×
ADVERTISEMENT
ADVERTISEMENT
ADVERTISEMENT

Challenges galore as BJP president Nadda plans to embark on 100-day nationwide yatra

Nadda's 100-day yatra seeks to explore new avenues and allies but challenges persist
Last Updated 19 November 2020, 01:16 IST

With victory secured in Bihar Assembly polls, which has 40 Lok Sabha seats, and BJP-dominated alliance firmly in the saddle there, BJP chief J P Nadda has set his eyes on strengthening the party nationally with particular focus on Uttar Pradesh with 80 Lok Sabha seats and state polls due in 2022, and West Bengal with 42 Lok Sabha seats, where the state polls is due in 2021.

Dates of the proposed yatra are yet to be finalised but Nadda, in whose tenure as party chief, the party won the only state election held in Bihar, will be embarking on a 100-day ‘Rashtriya Vistrit Pravas’ throughout the country, spending a maximum of eight days in UP, where it faces the challenge of repeating its 2017 electoral performance when it had won the state with more than a two-third majority decimating SP-Congress alliance and BSP in one go.

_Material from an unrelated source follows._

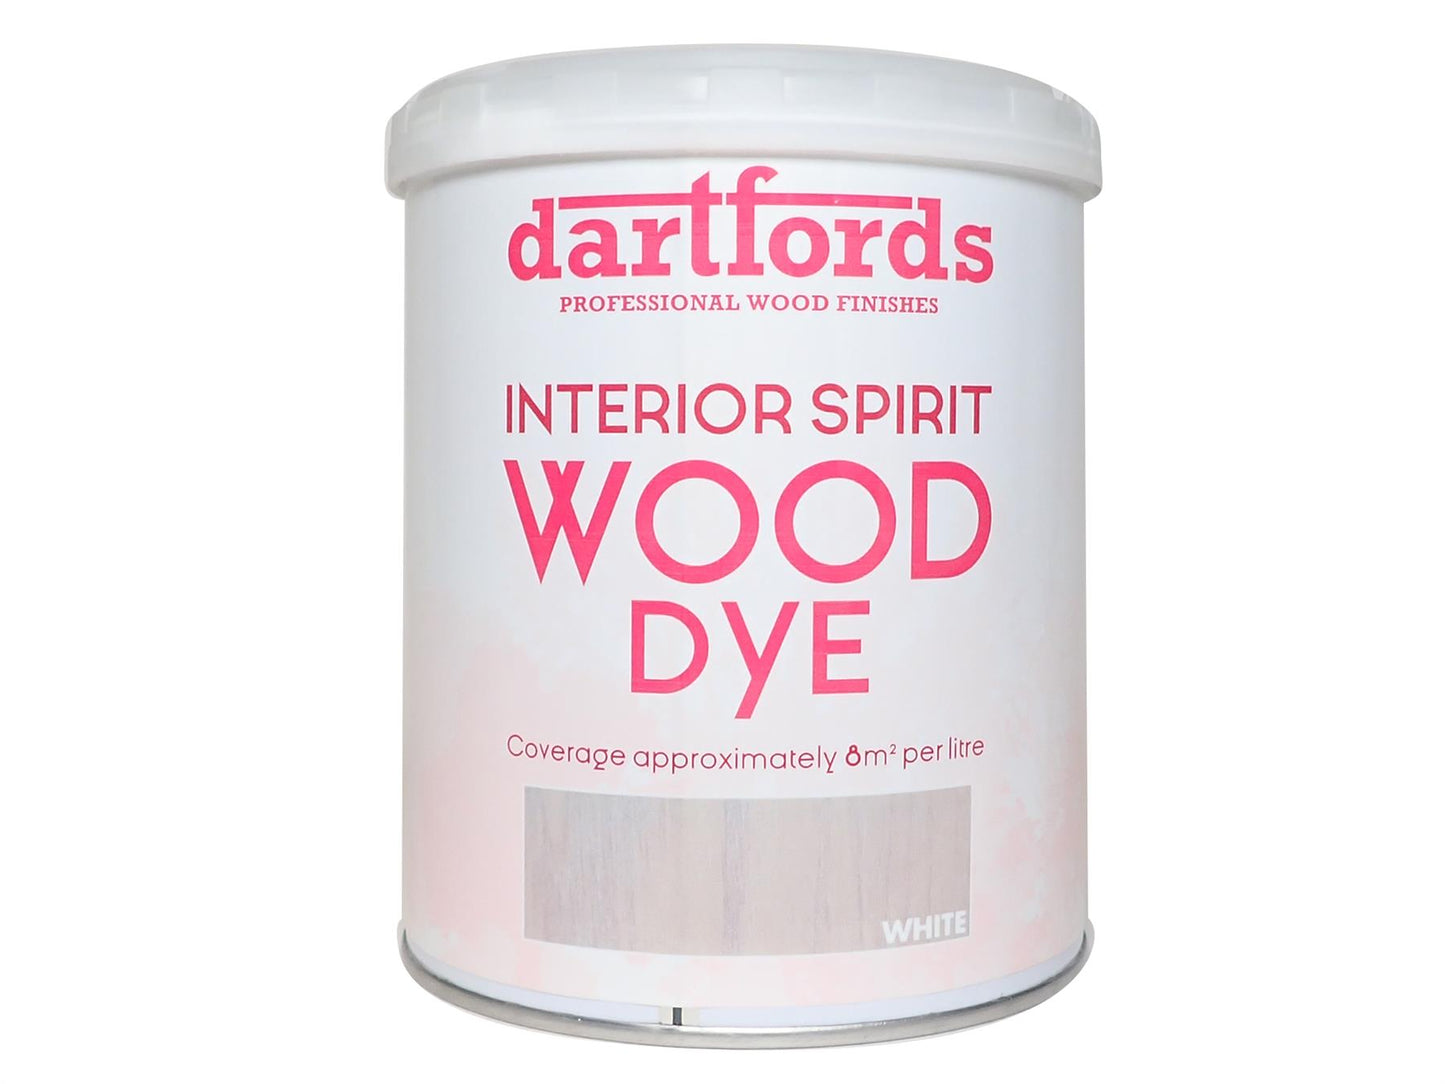 dartfords White Interior Spirit Based Wood Dye - 1 litre Tin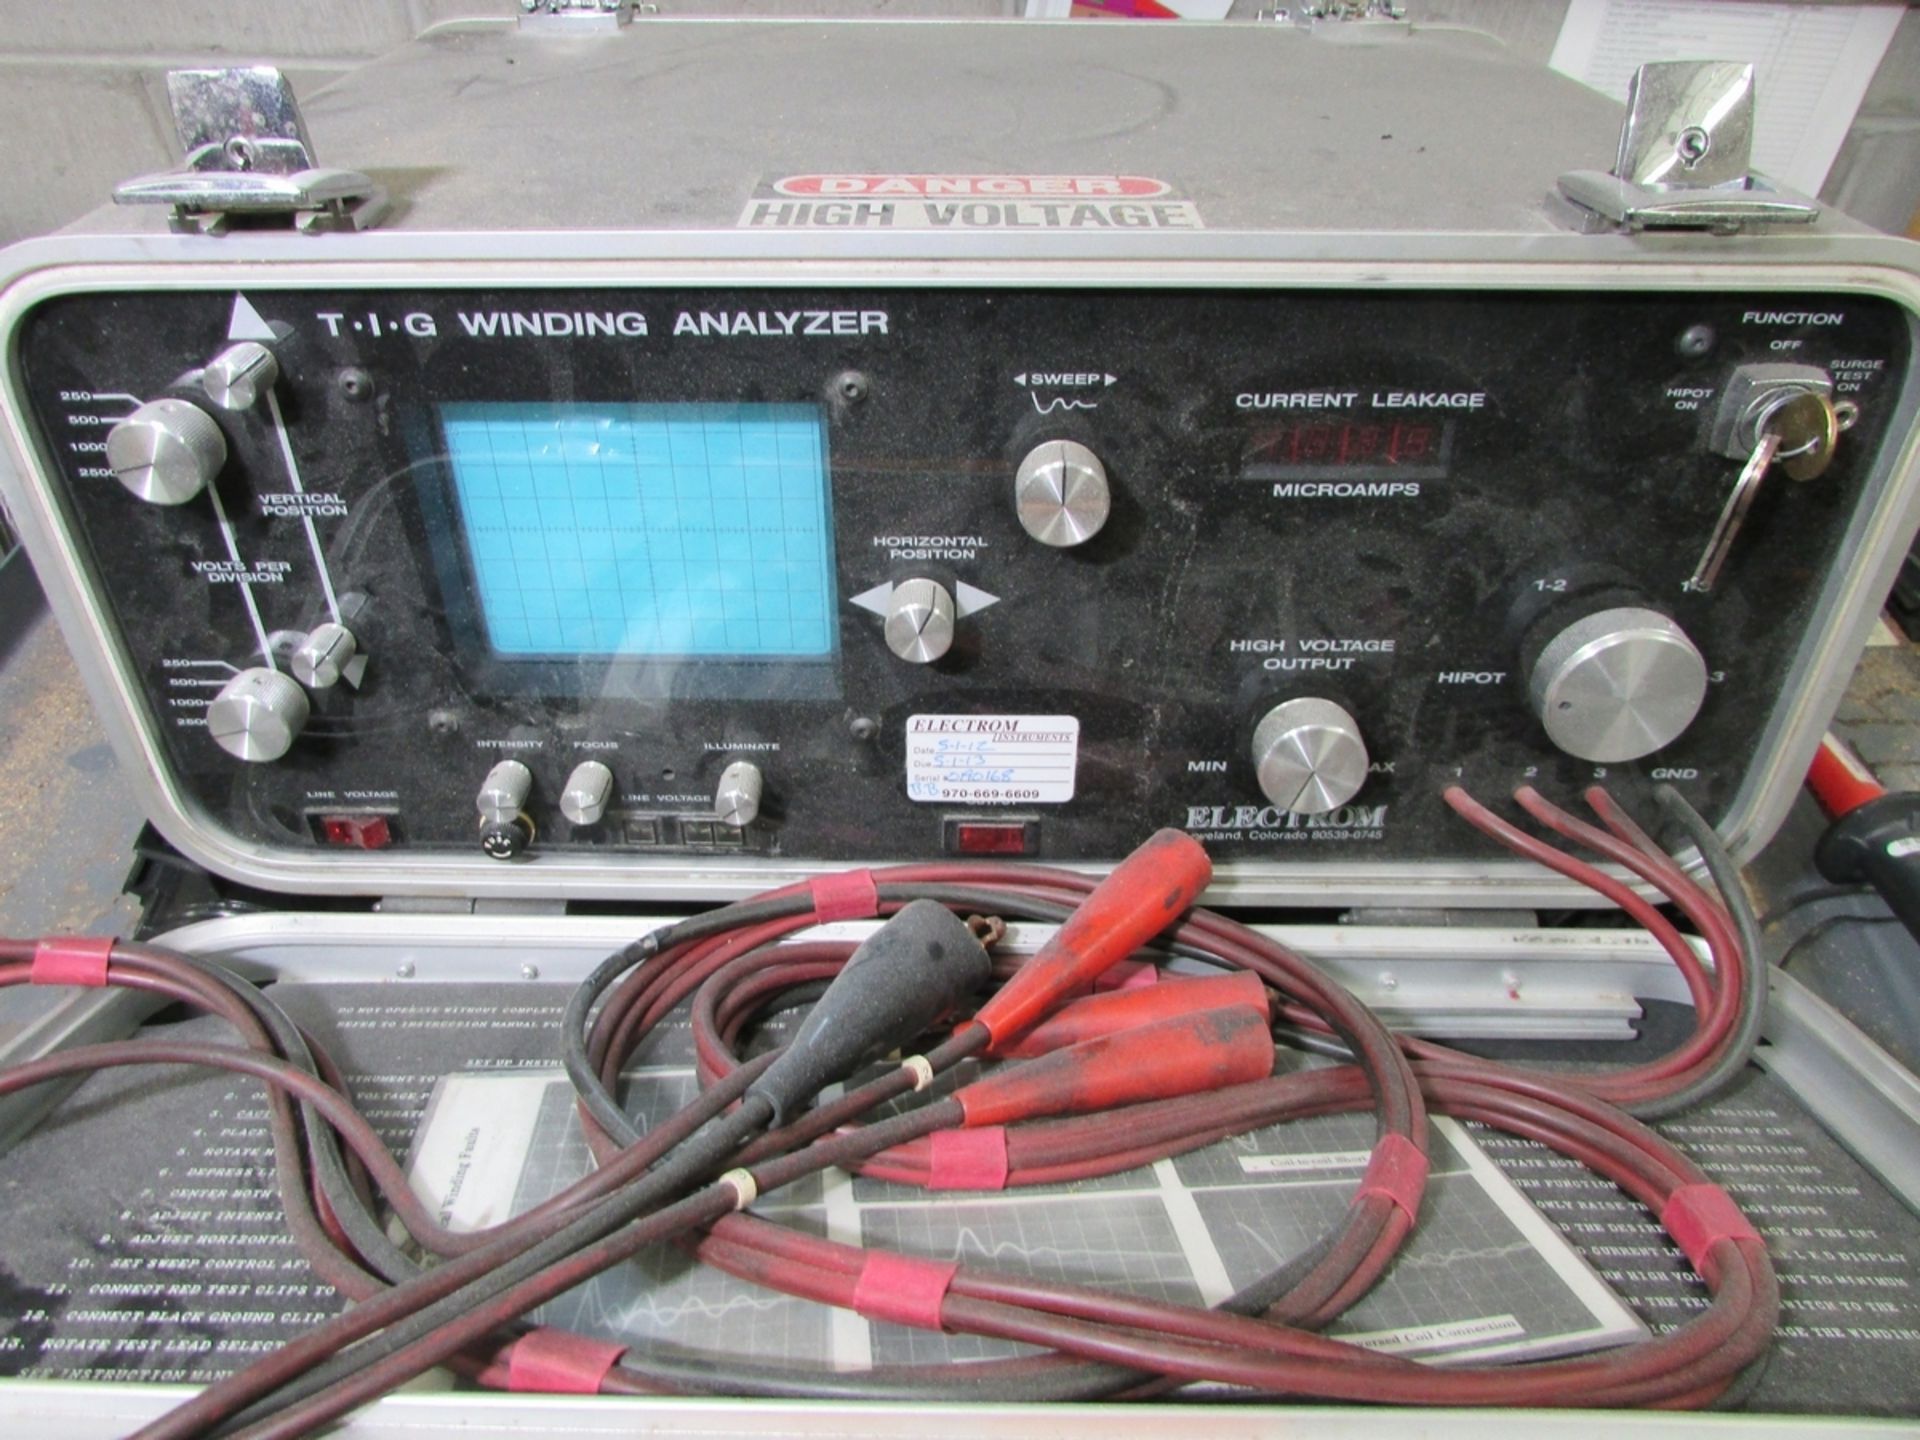 Electrom T.I.G Winding Analyzer - Image 2 of 3

BJP lost Delhi days after Nadda had taken over as the party chief from Amit Shah but the change of hands had happened in the middle of the poll campaign. Hence, truly speaking, the Assembly election of Bihar and the bypolls in 10 states, including in Madhya Pradesh, were the first electoral test for Nadda as party chief and he has come out with flying colours in both.

Now with a new team of party office bearers and in-charges in states announced last week, Nadda has to surmount the challenges, and live up to the high expectations set by Shah's tenure.

BJP has lost ally after ally since Prime Minister Narendra Modi-led BJP came to power in 2014 with 29 coalitions.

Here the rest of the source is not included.